§ **Work instructions**
Required from the data below: the exact lines starting at the line containing "een voorbeeld van" and ending at the line containing "2020 서울문화재단 서서울예술교육센터 예술놀이 LAB TA 공모", with both ends kept and all pictures dropped.

§ **Data for processing**
>>>>>

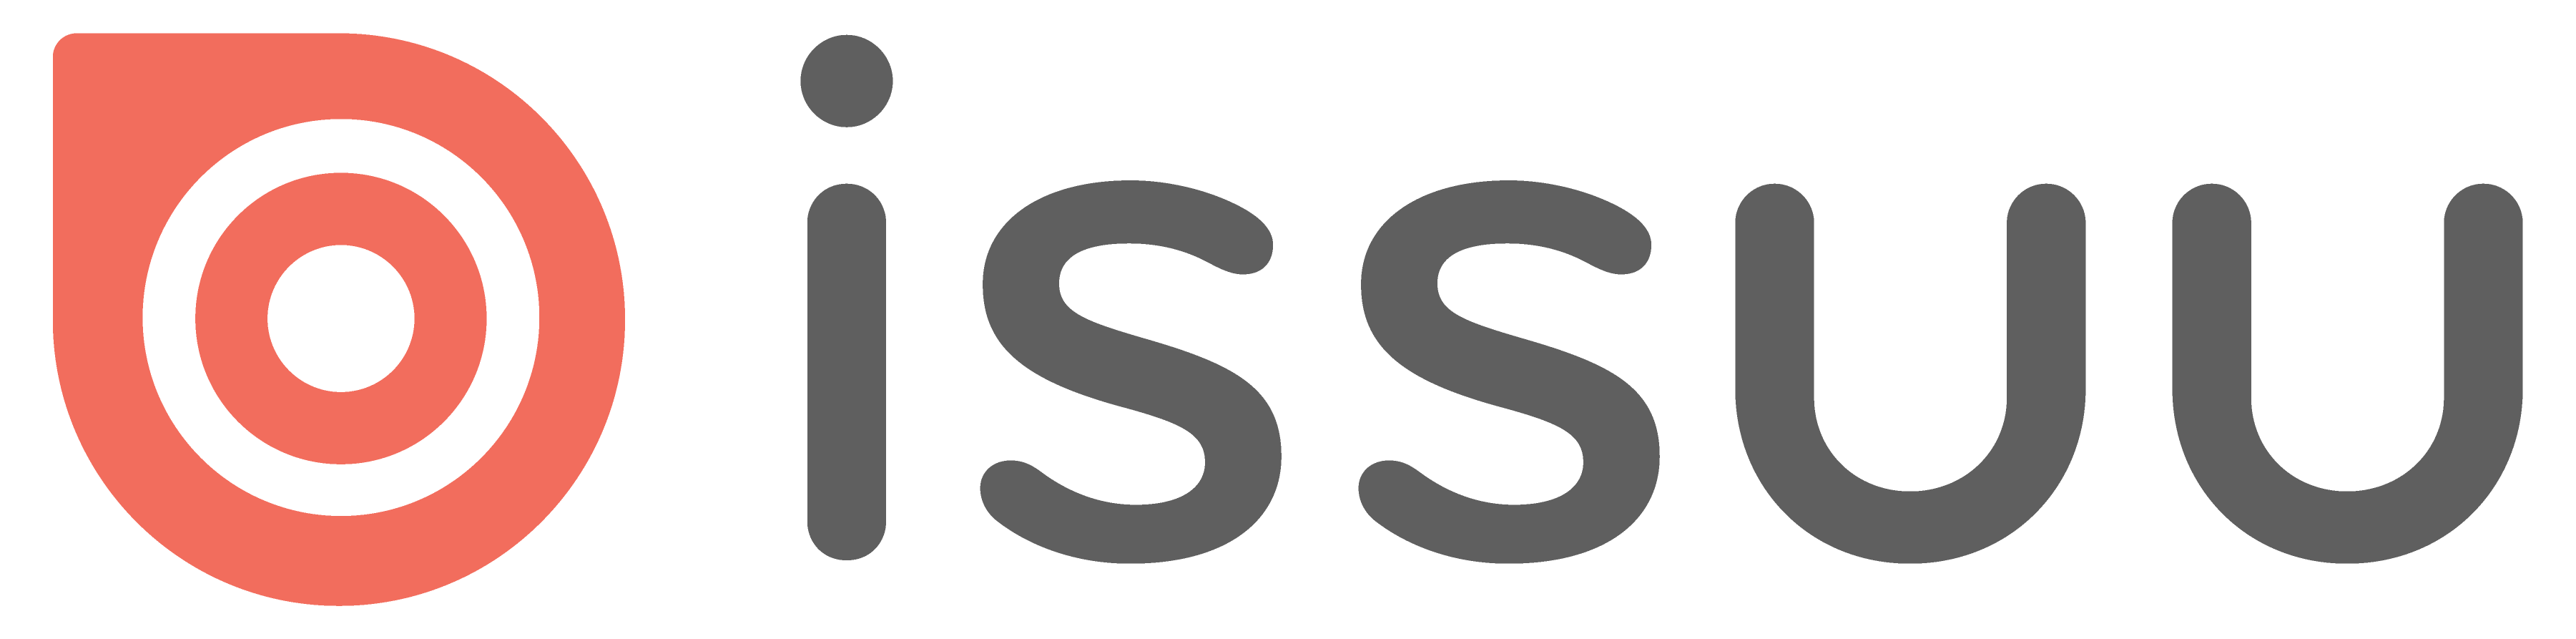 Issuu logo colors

<<<<<
>>>>>

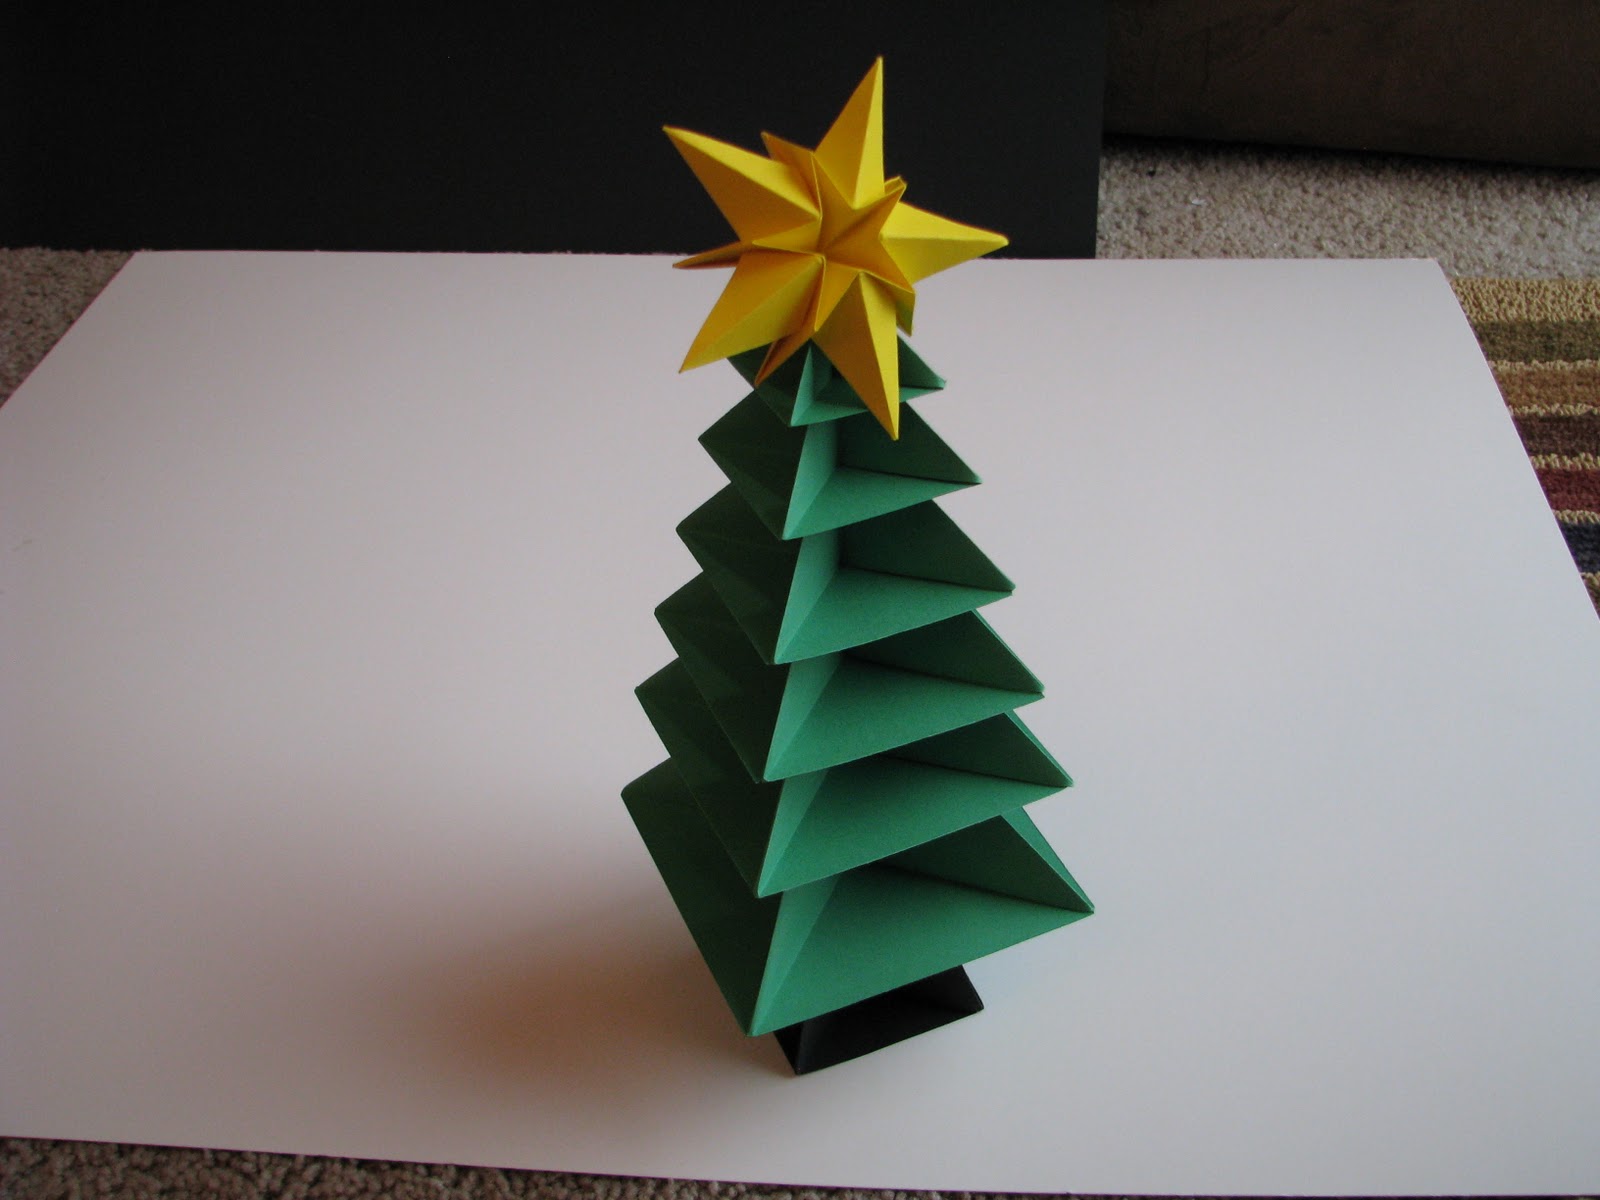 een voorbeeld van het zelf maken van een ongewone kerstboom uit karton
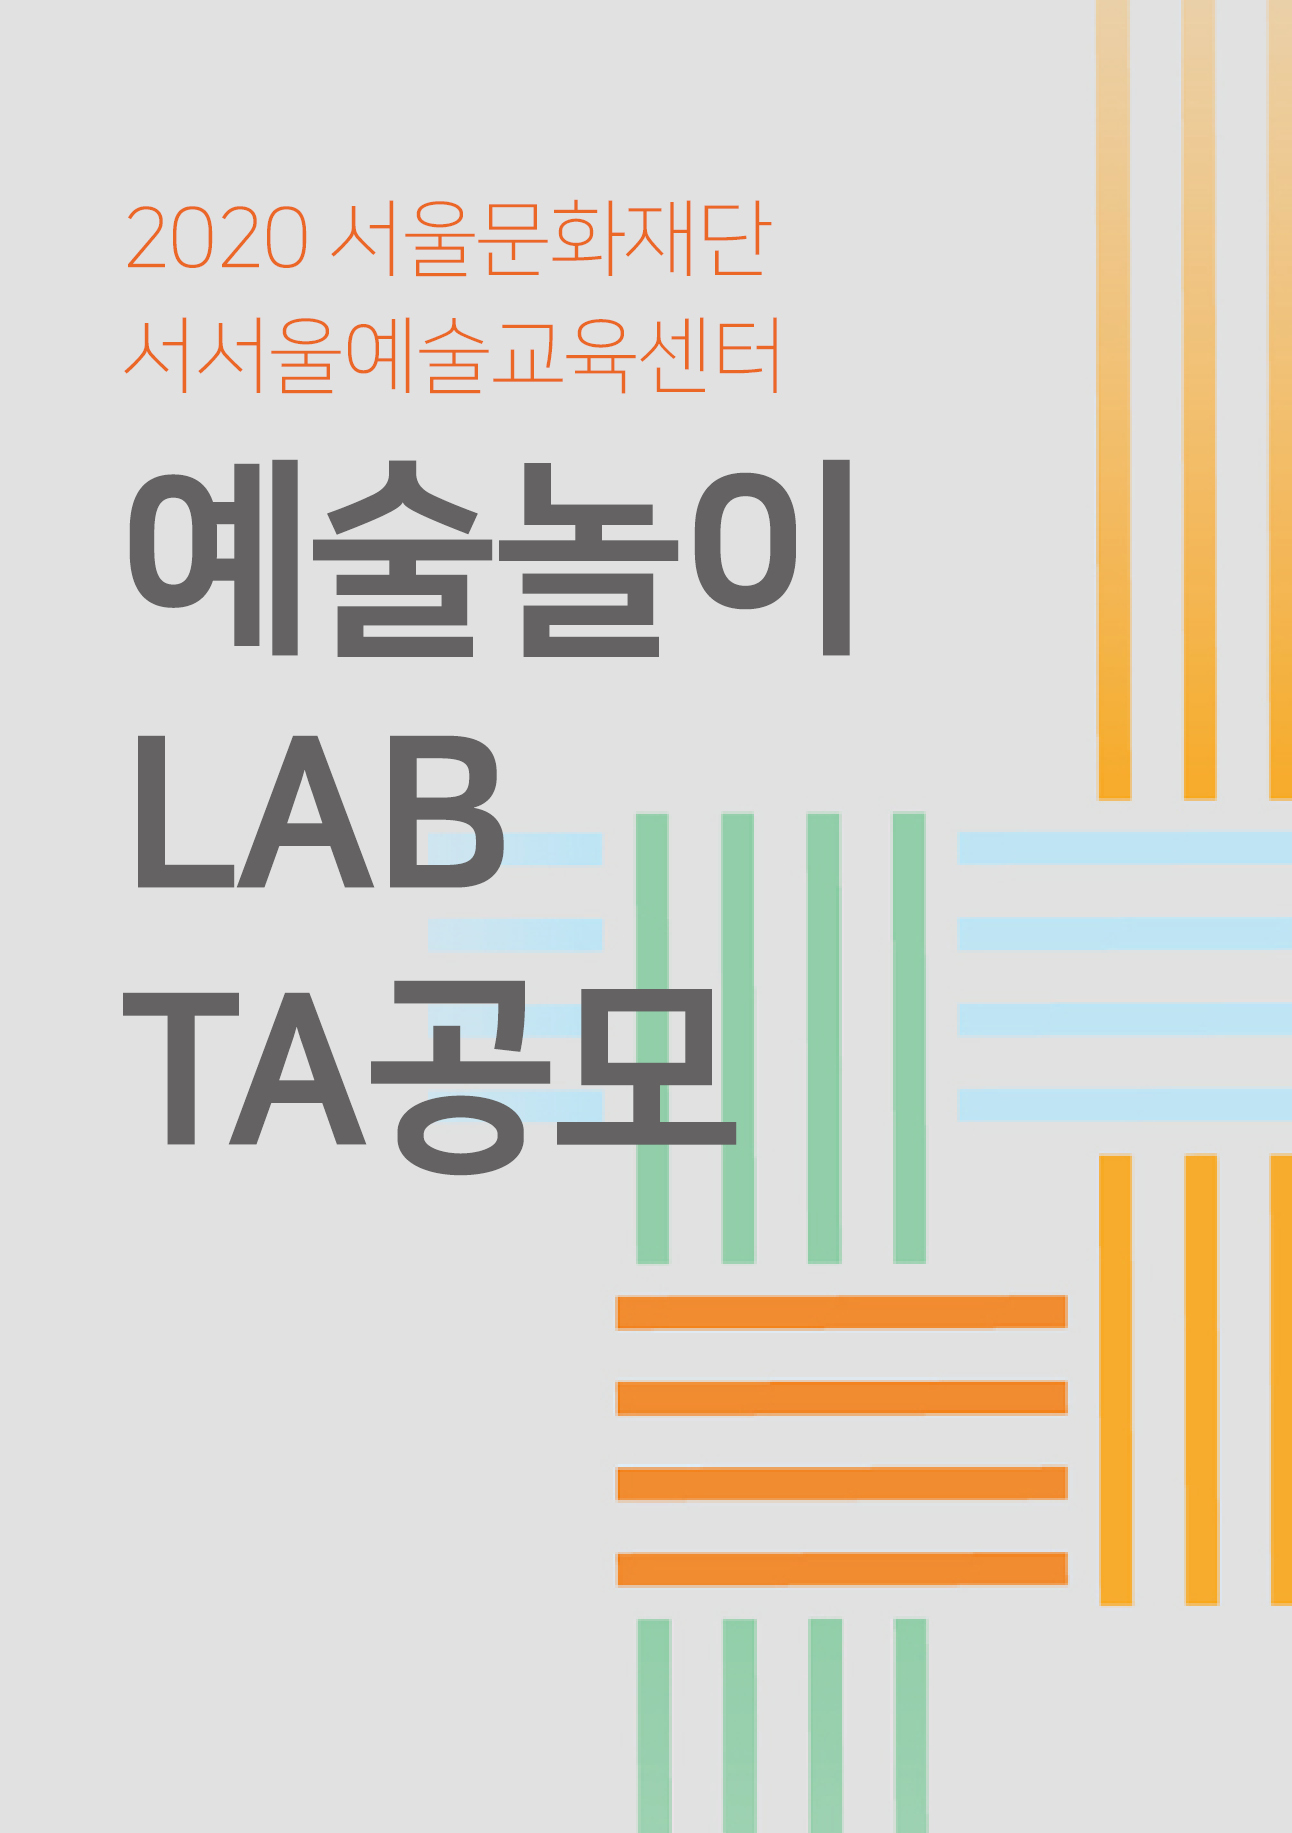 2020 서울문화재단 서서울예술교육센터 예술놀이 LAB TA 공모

<<<<<

§ **Answer for the task**
 een voorbeeld van het zelf maken van een ongewone kerstboom uit karton
 2020 서울문화재단 서서울예술교육센터 예술놀이 LAB TA 공모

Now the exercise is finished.